In this figure, the two rows are for the top and bottom projectors. In each case, only the projector under investigation was switched on. Its entire screen was black, except for a 100×100-pixel square at which the photometer was looking through a glass polarising filter in a rotating mount. The luminance and colour of this square was then varied, i.e. the square’s RGB pixel value was set to either [X 0 0] (red curves), [0 X 0] (green curves), [0 0 X] (blue curves) or [X X X] (black curves), where X was ranged from 0 to 255. As usual, the projectors were set to contrast=5, brightness=0, gamma=15, while the NVidia graphics-card gamma was set to 1.78 on both projector screens.

The left-hand panels show the measured luminance as a function of pixel value X. Clearly it is very close to linear, i.e. the gamma correction has worked well. Since a few months have now elapsed since I obtained those look-up tables, this also suggests the gamma correction remains stable over time. In the middle panels, I have replotted this measured luminance after normalising it to the range 0 to 1. This makes it easier to see that the linearity is excellent for all three colours individually.

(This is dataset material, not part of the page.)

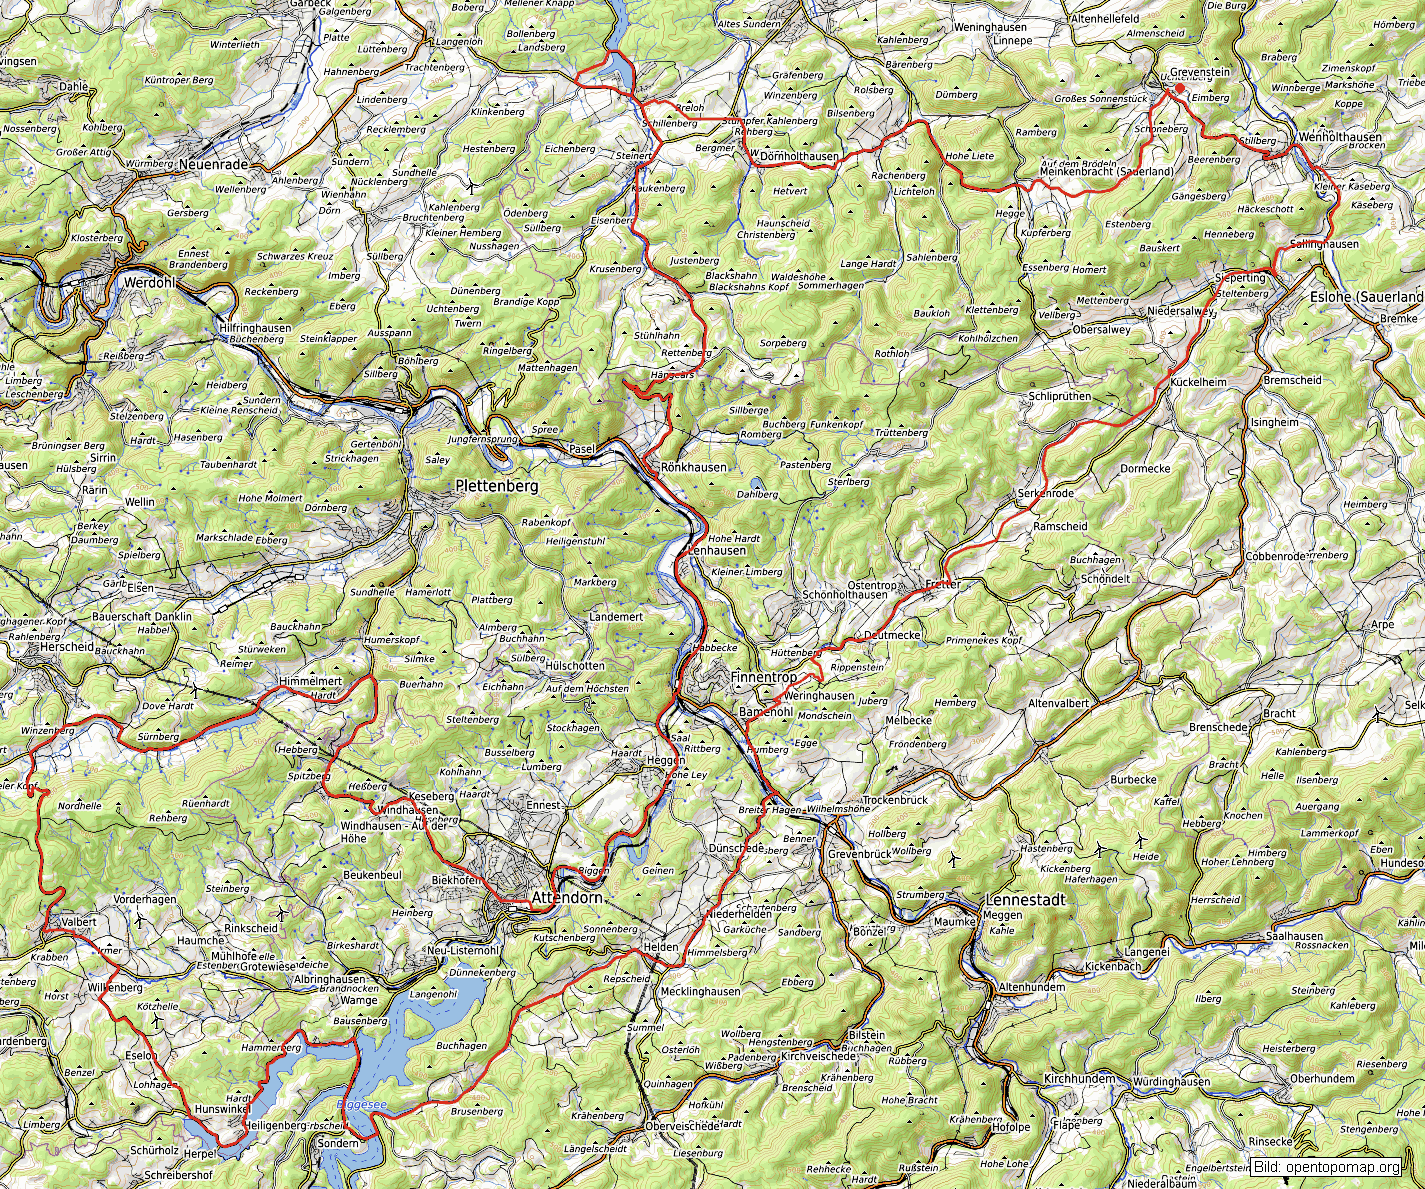  Rennrad-Tour 3 Vier-Seen-Runde Homert-Ebbegebirge 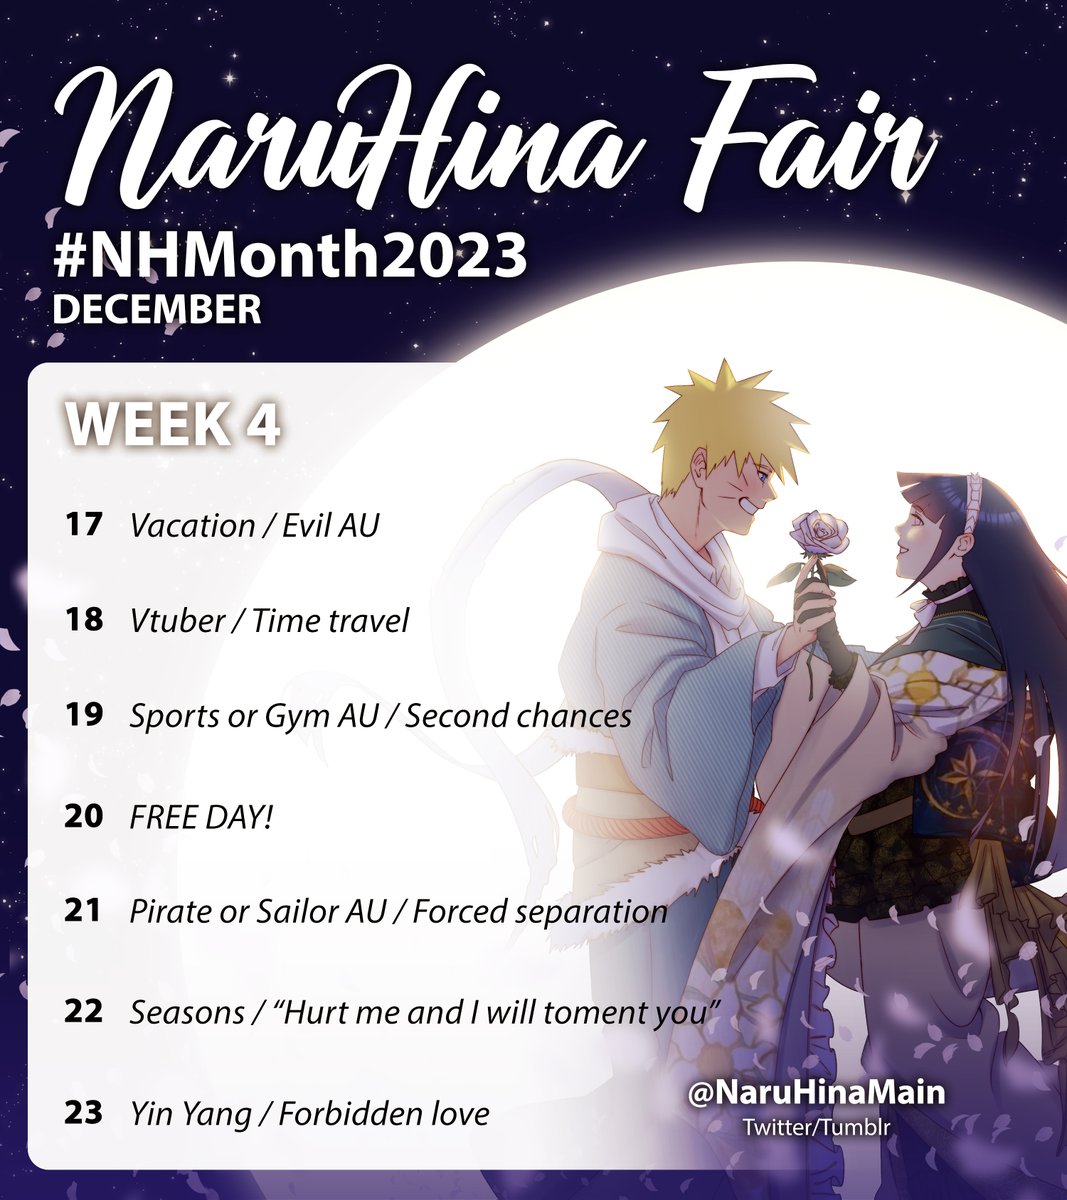 NaruHina Brasil - Bom dia! ⚡ O twitter oficial do anime

Finally, on the right, I have plotted the extinction ratio for all three colours individually, as well as for grayscale. This is the luminance measured when the two polarising filters (the one in front of the projector and the one in front of the photometer) were parallel, divided by the luminance measured for the same pixel-value when the two polarising filters were orthogonal. The values are similar for red, green and white (grayscale). Blue has a much worse extinction ratio, but I am not too worried about this since the measured luminances were so small. NB these measurements were taken with a photometer, not a chromometer. The blue square did not look noticeably dimmer than the red or green square to human eyes, although I have not quantified it.